How do you explain connoisseurship?
June 14 2013

Picture: British Museum
Answer - with great difficulty. In a must-read article, however, Neil Jeffares has had a go on his blog. He concludes that it is almost impossible to explain the workings of the connoisseurial mind, for:
[...] the lightbulb in a single [connoisseur's] head is invisible to the rest of us, and indistinguishable from self-delusion (except by inference from that expert’s track record).
A good track record is always the best way to measure a connoisseur. And remember the crucial difference between a 'nein-sager' and a connoisseur: it's no good just listening, as many do, to those who do nothing but reject attributions. The exclusionist has to prove himself by saying yes to things too.

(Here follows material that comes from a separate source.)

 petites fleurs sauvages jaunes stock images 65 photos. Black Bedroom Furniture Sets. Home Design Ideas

Update - I've updated the earlier post I linked to above, but the point is important, so I'll mention it here as well. The German art historian Max Friedlander (1867-1958) is often cited as a proponent of instinctive connoisseurship. He wrote:
“The way in which an intuitive verdict is reached can, from the nature of things, only be described inadequately. A picture is shown to me. I glance at it, and declare it to be a work by Memling, without having proceeded to an examination of its full complexity of artistic form.”
Art history's verdict on Friedlander, and his connoisseurial method, has not been overly kind, because it is considered that 'only half his attributions' have stood the test of time. However, this may be unjust criticism, for I found in Brian Sewell's autobiography an intriguing reference to Friedlander stating that only his pre-1933 and post 1945 attributions should be taken seriously. After that, when Germany was ruled by the Nazis, he was obliged to give optimistic attributions to Nazi collectors. He also helped Jewish families raise funds, he said, by issuing certificates that would make their art more valuable.

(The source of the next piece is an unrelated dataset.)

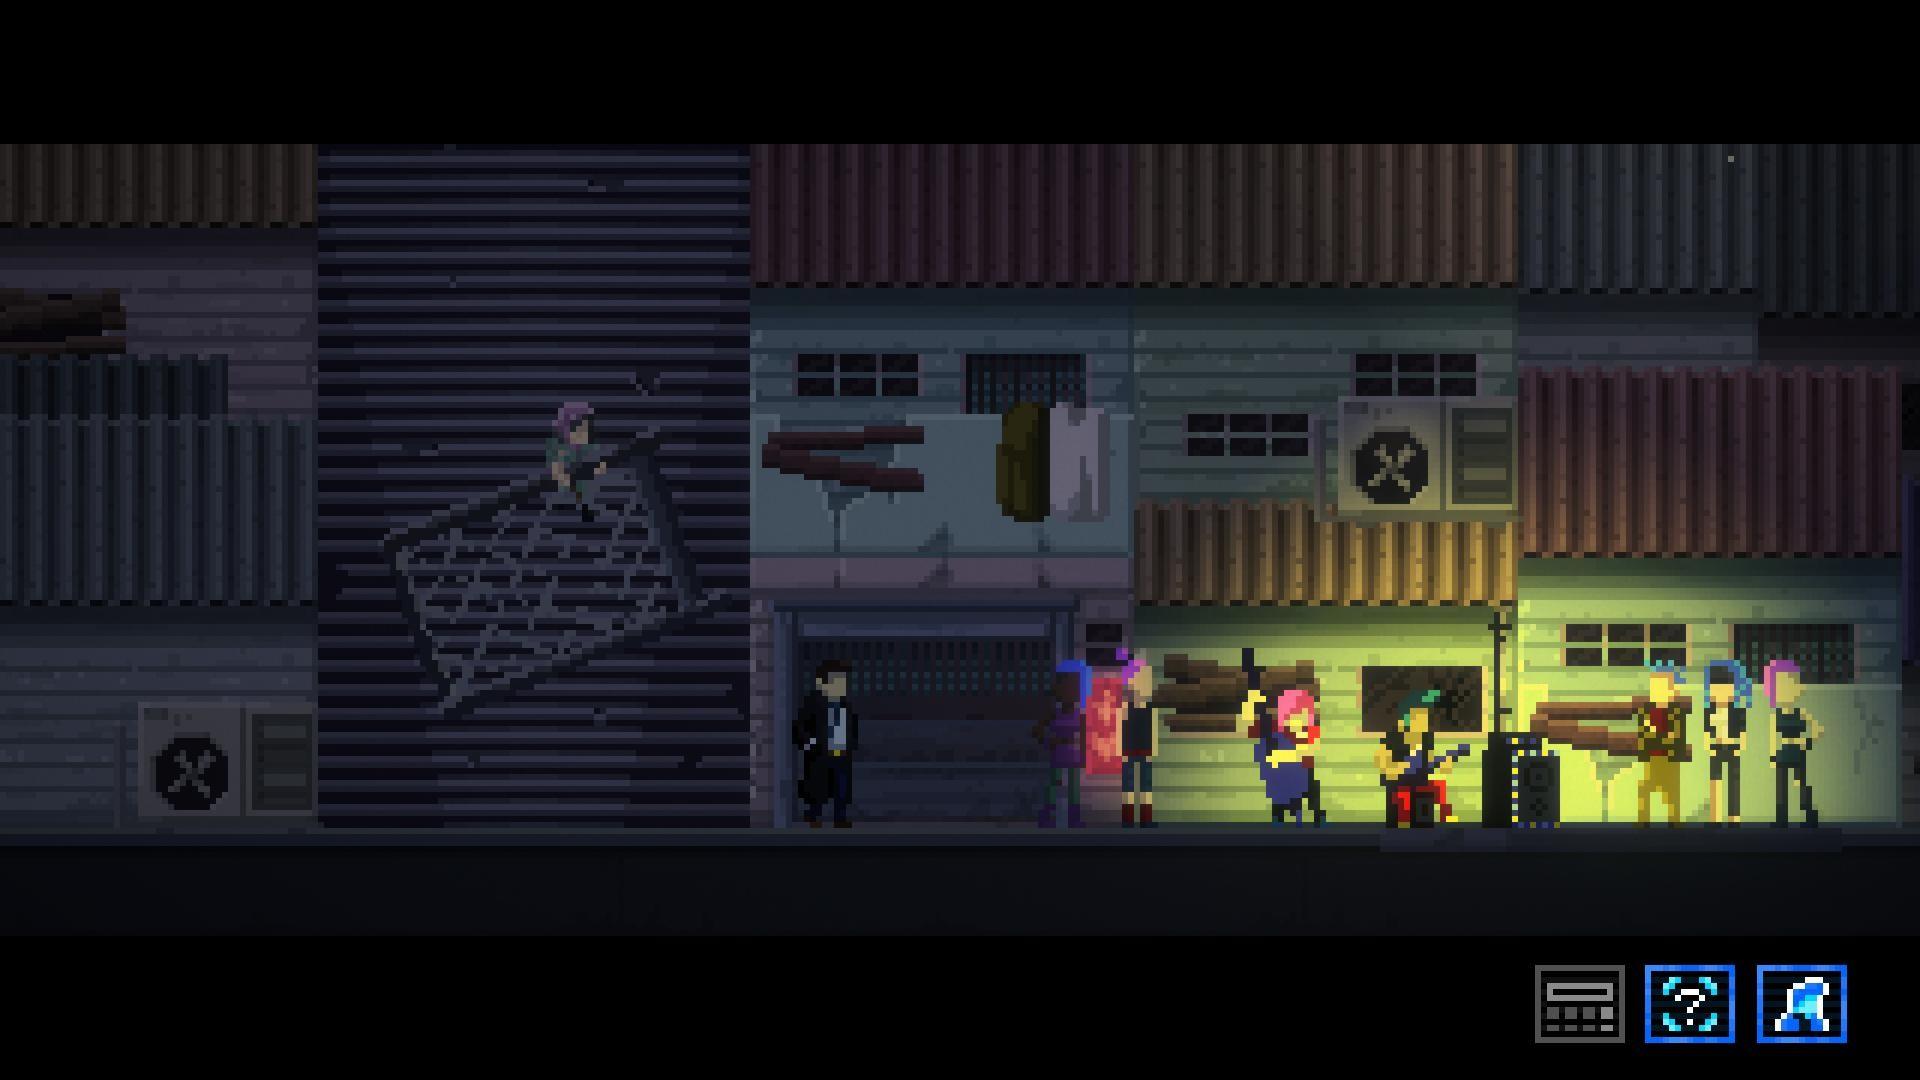 Lacuna A Sci-Fi Noir Adventure Free Download

Update II - a reader writes, most usefully:
The problem Friedlander had is the lack of documentation (at the time and since) regarding the Flemish 'primitives' - for example, the only documentation on Mostaert is van Mander (known to be suspect as mostly recorded via word of mouth) and a handful of references to works in collections - there are no signed works apart from a suspected signed work in Rome, so Mostaert's entire oeuvre is pretty much guessed from titles of works mentioned by van Mander and an Ecce Homo listed in Margaret of Austria's inventory. There's certainly no conclusive evidence that any works are actually by Mostaert. The same goes for most early Flemish - so essentially Friedlander had a ton of photographs that he had to arrange into some sense, and that for me is a good basis that early Flemish art historians can work from. I'm sure given databases, science etc that Friedlander would have been more than happy to revise many of his attributions. Putting a name to a group of iconographically/compositionally similar works was in a way better than leaving them all as anons. It was a fascinating period for art history and Friedlander was in the enviable/unenviable position of having the reputation of a connoisseur and having pretty much everyman and his dog that owned an old master sending him photographs on a daily basis after an opinion.